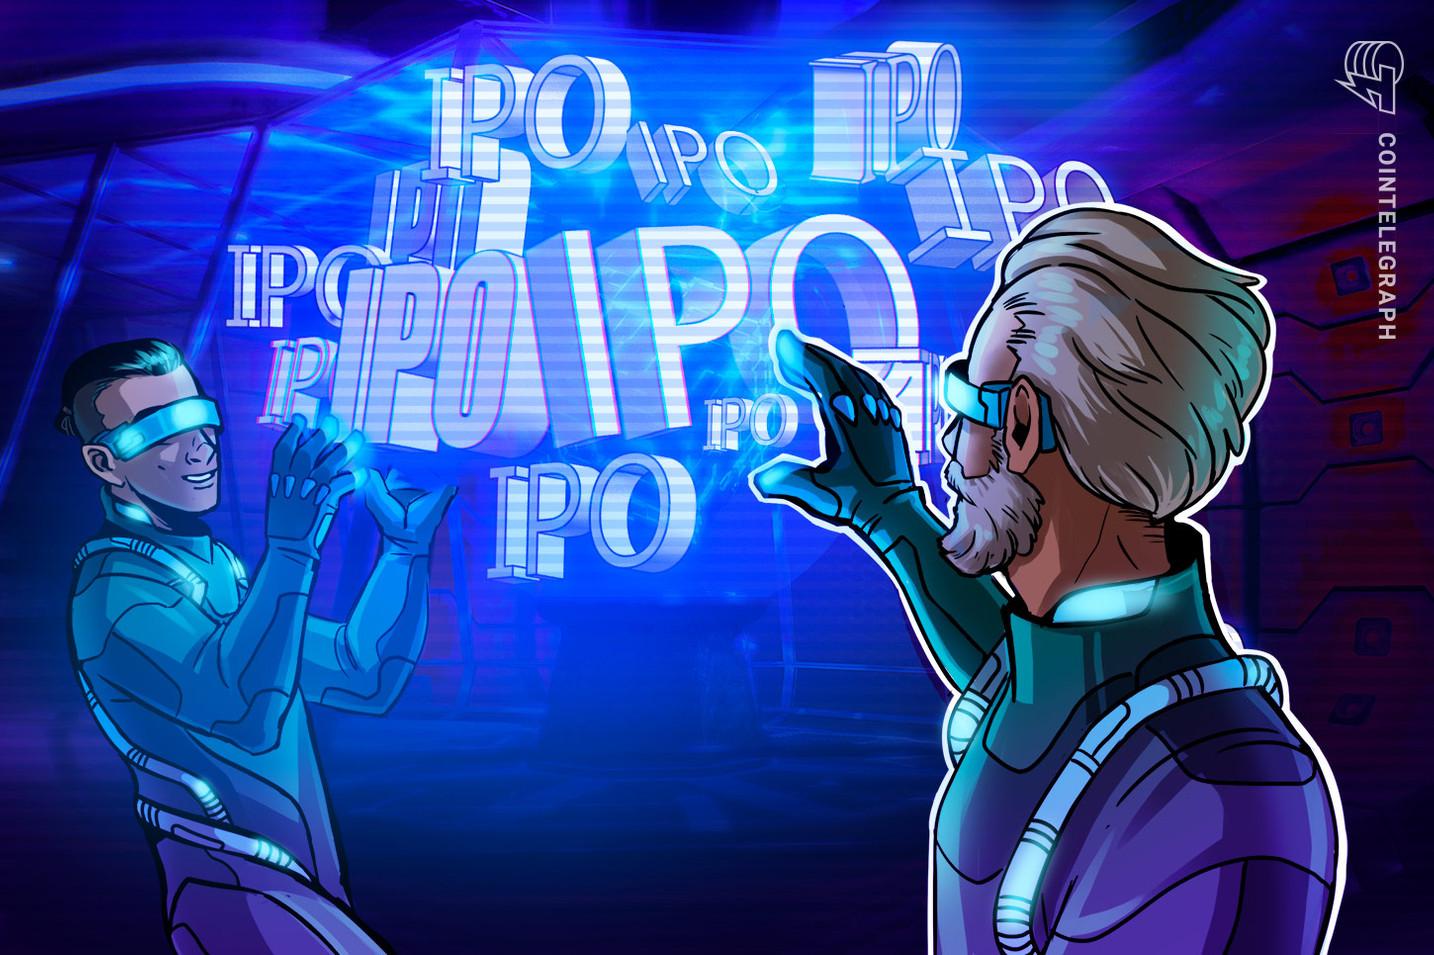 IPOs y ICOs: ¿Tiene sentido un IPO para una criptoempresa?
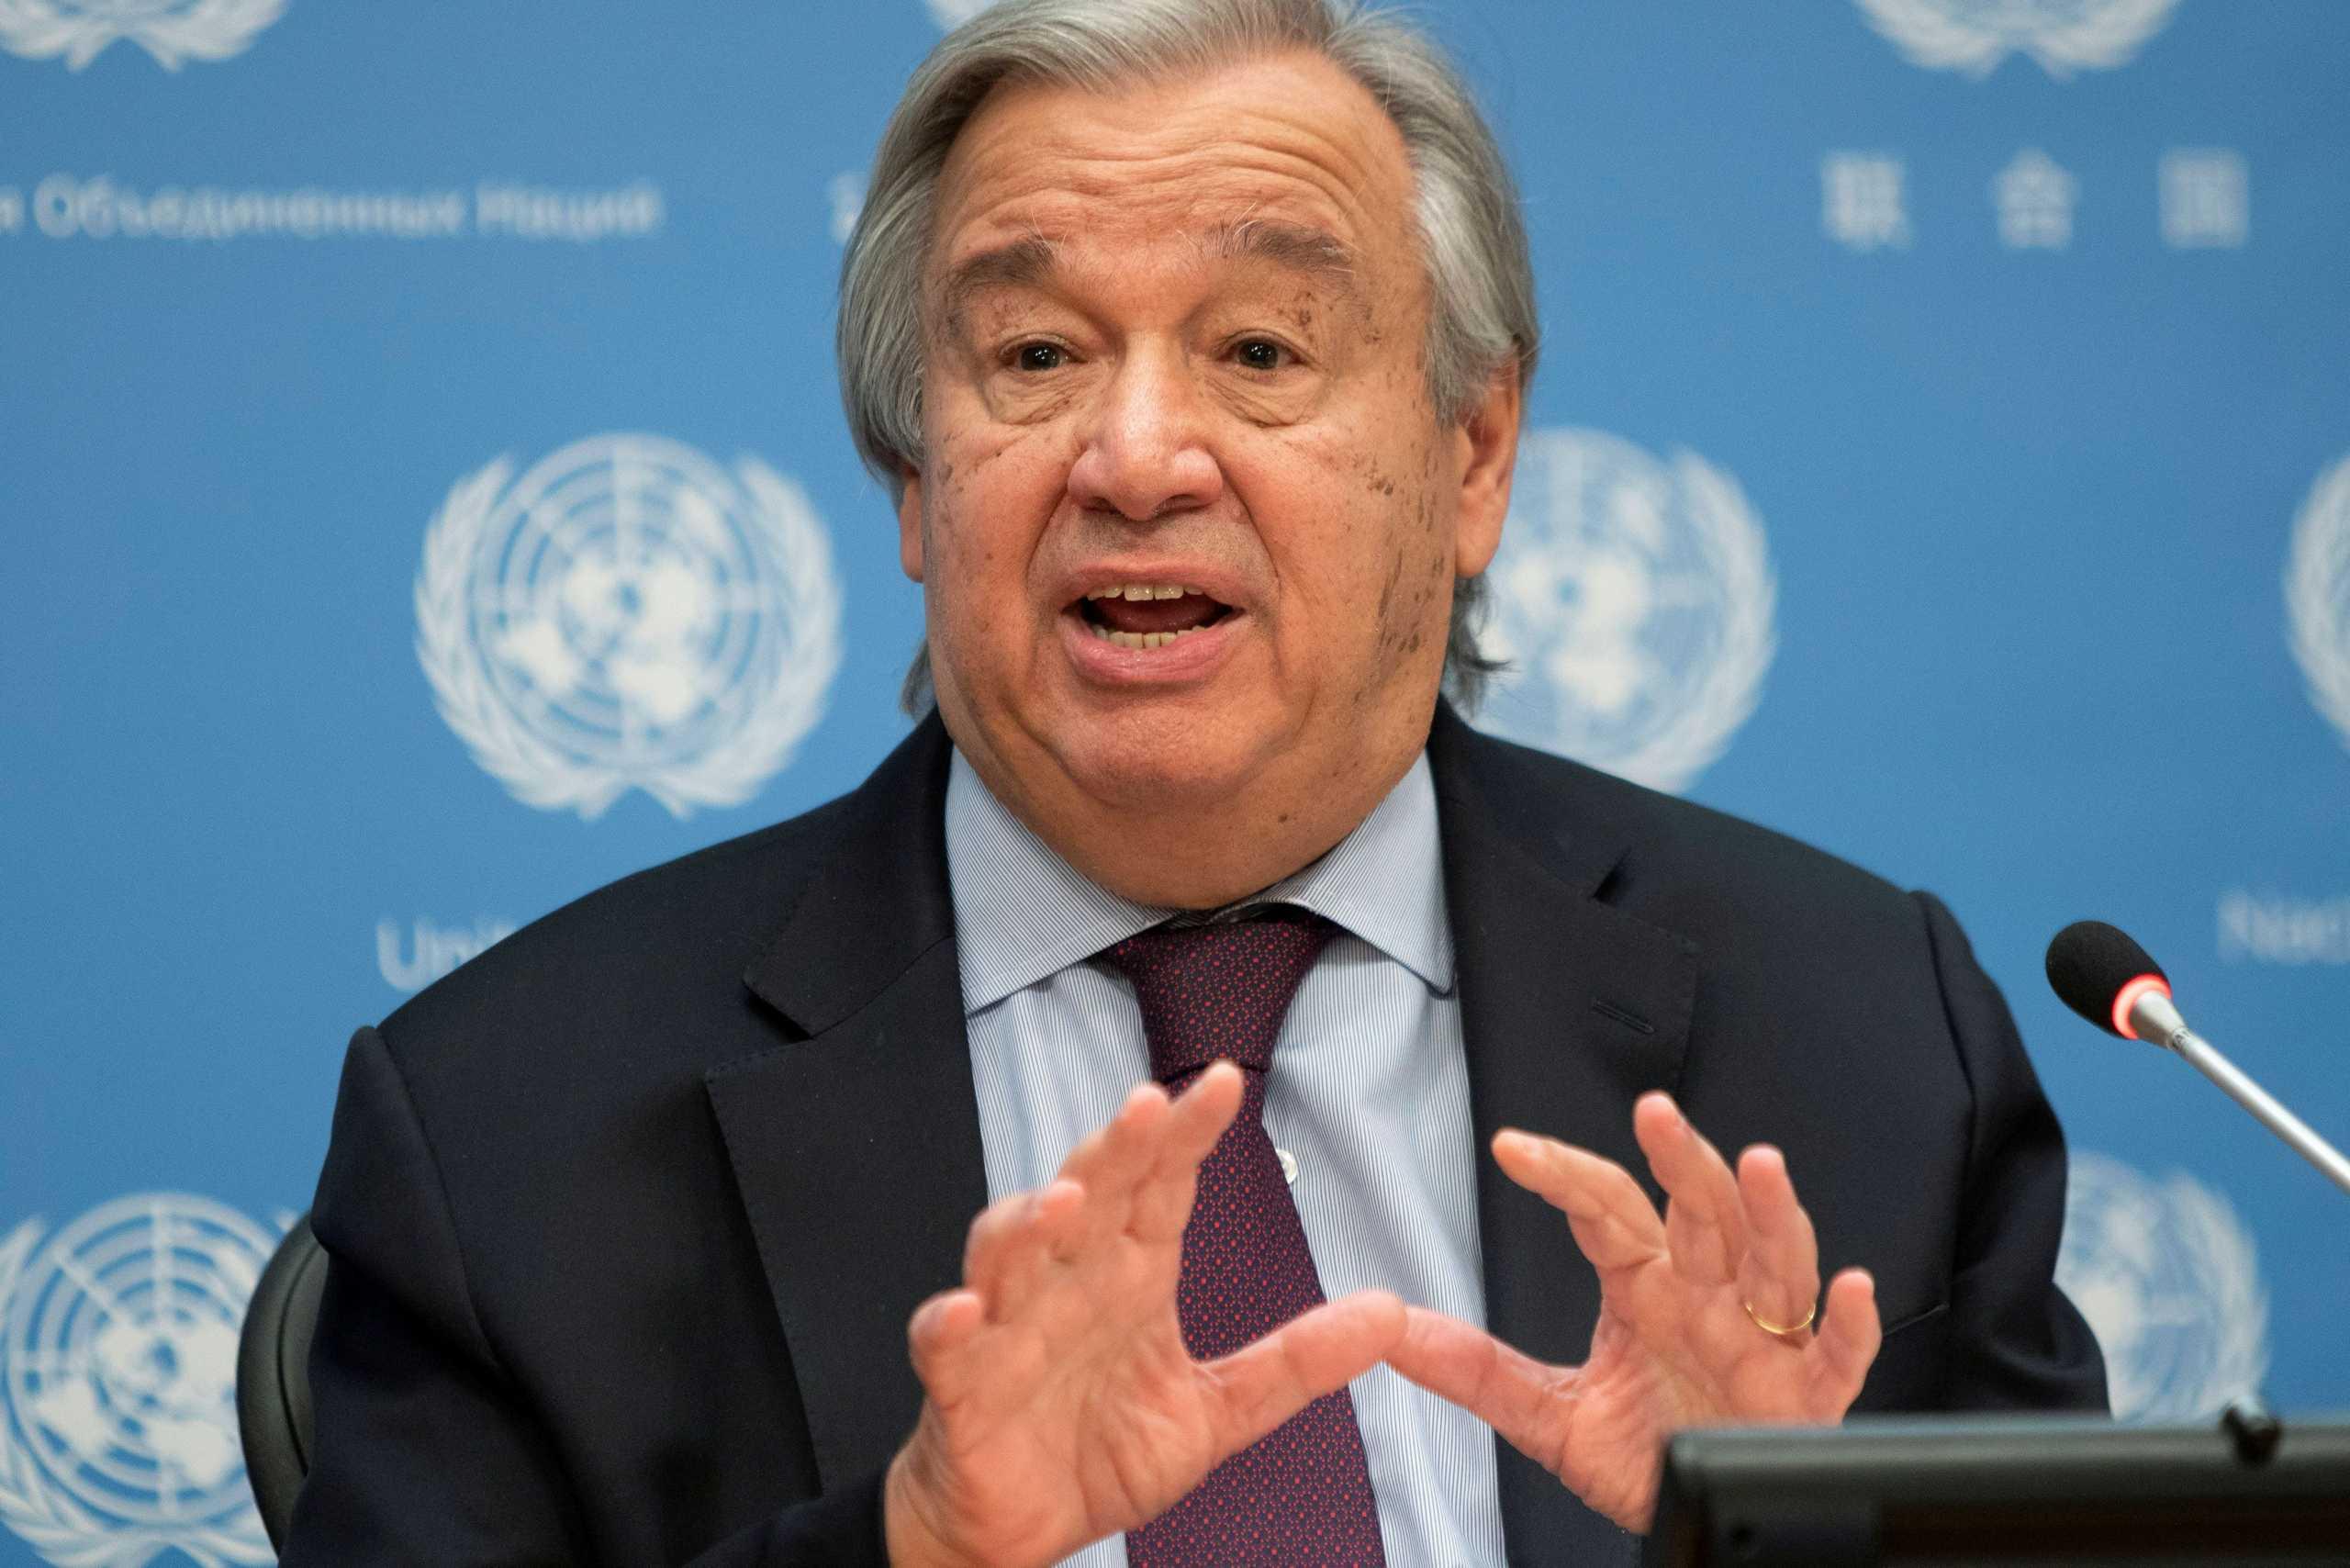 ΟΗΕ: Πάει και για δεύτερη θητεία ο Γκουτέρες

==

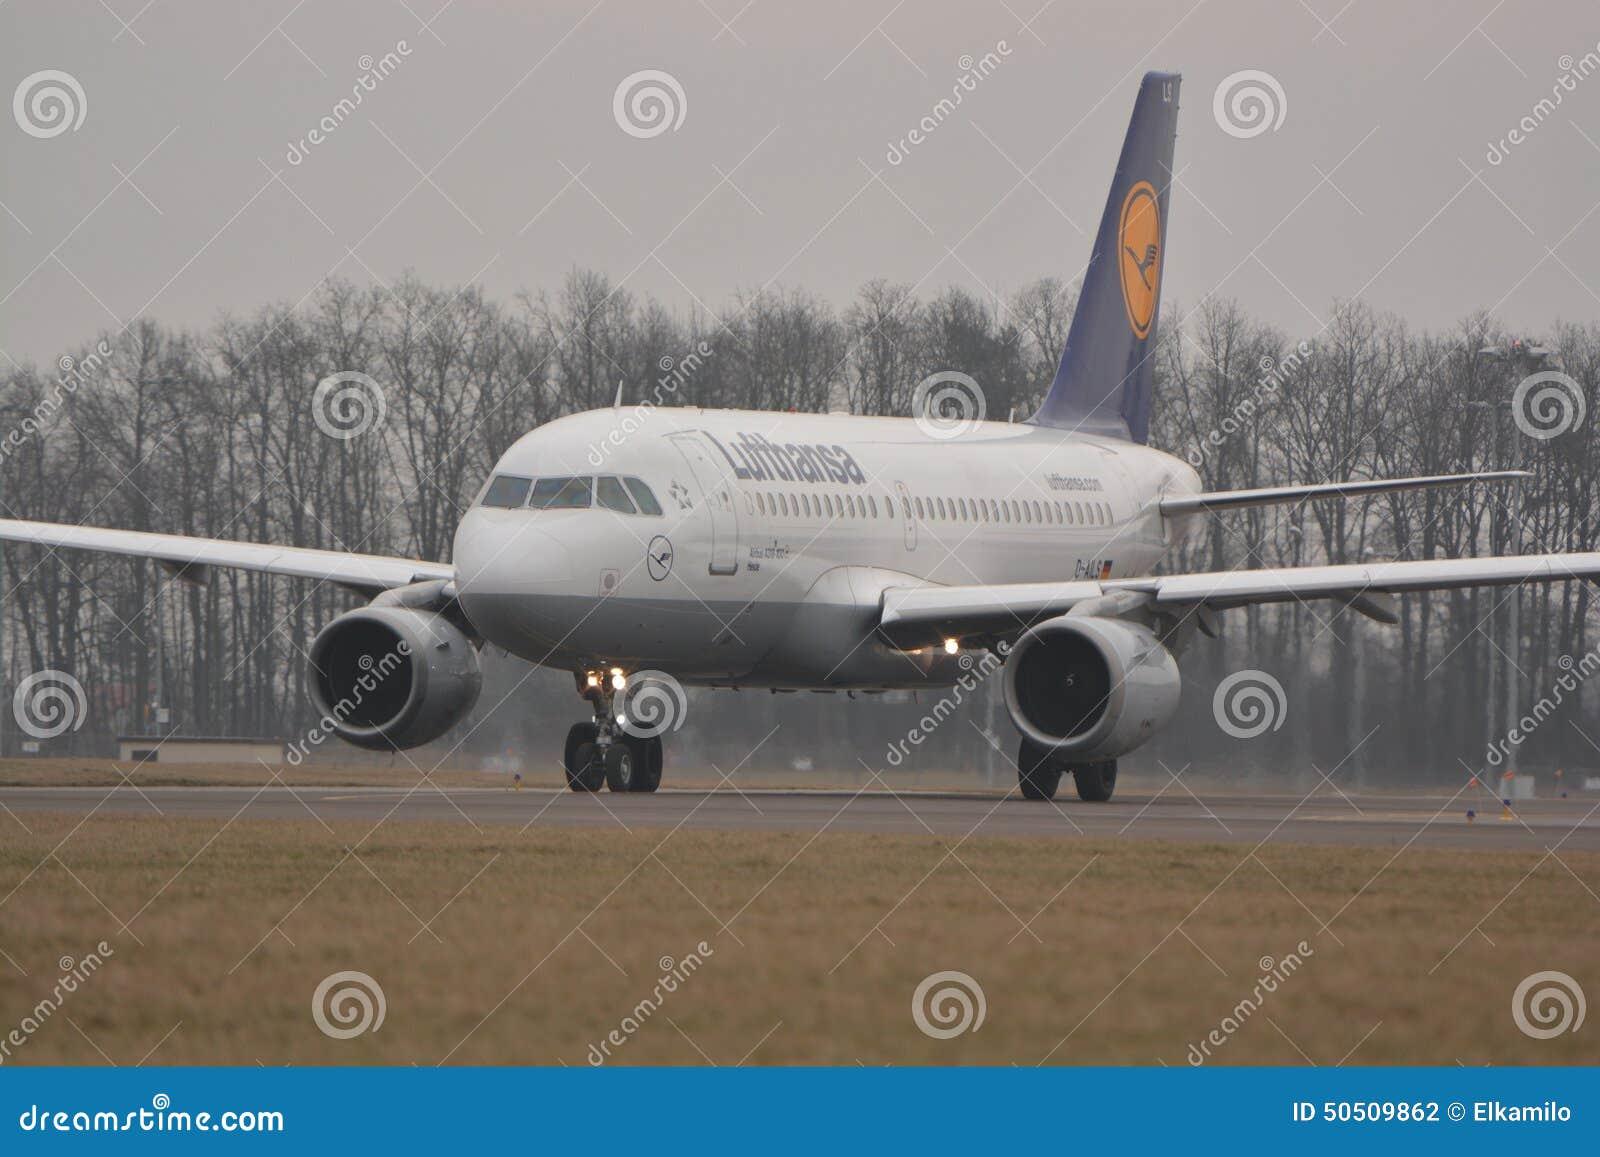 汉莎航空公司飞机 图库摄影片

■ **PROMPT**
Using the data above, retype exactly the lines from the line with "IPOs y ICOs: ¿Tiene" to the line with "ΟΗΕ: Πάει και για δεύτερη θητεία ο Γκουτέρες", inclusive. No pictures and nothing else.

■ **RESPONSE TO THIS EXERCISE**
 IPOs y ICOs: ¿Tiene sentido un IPO para una criptoempresa?
 ΟΗΕ: Πάει και για δεύτερη θητεία ο Γκουτέρες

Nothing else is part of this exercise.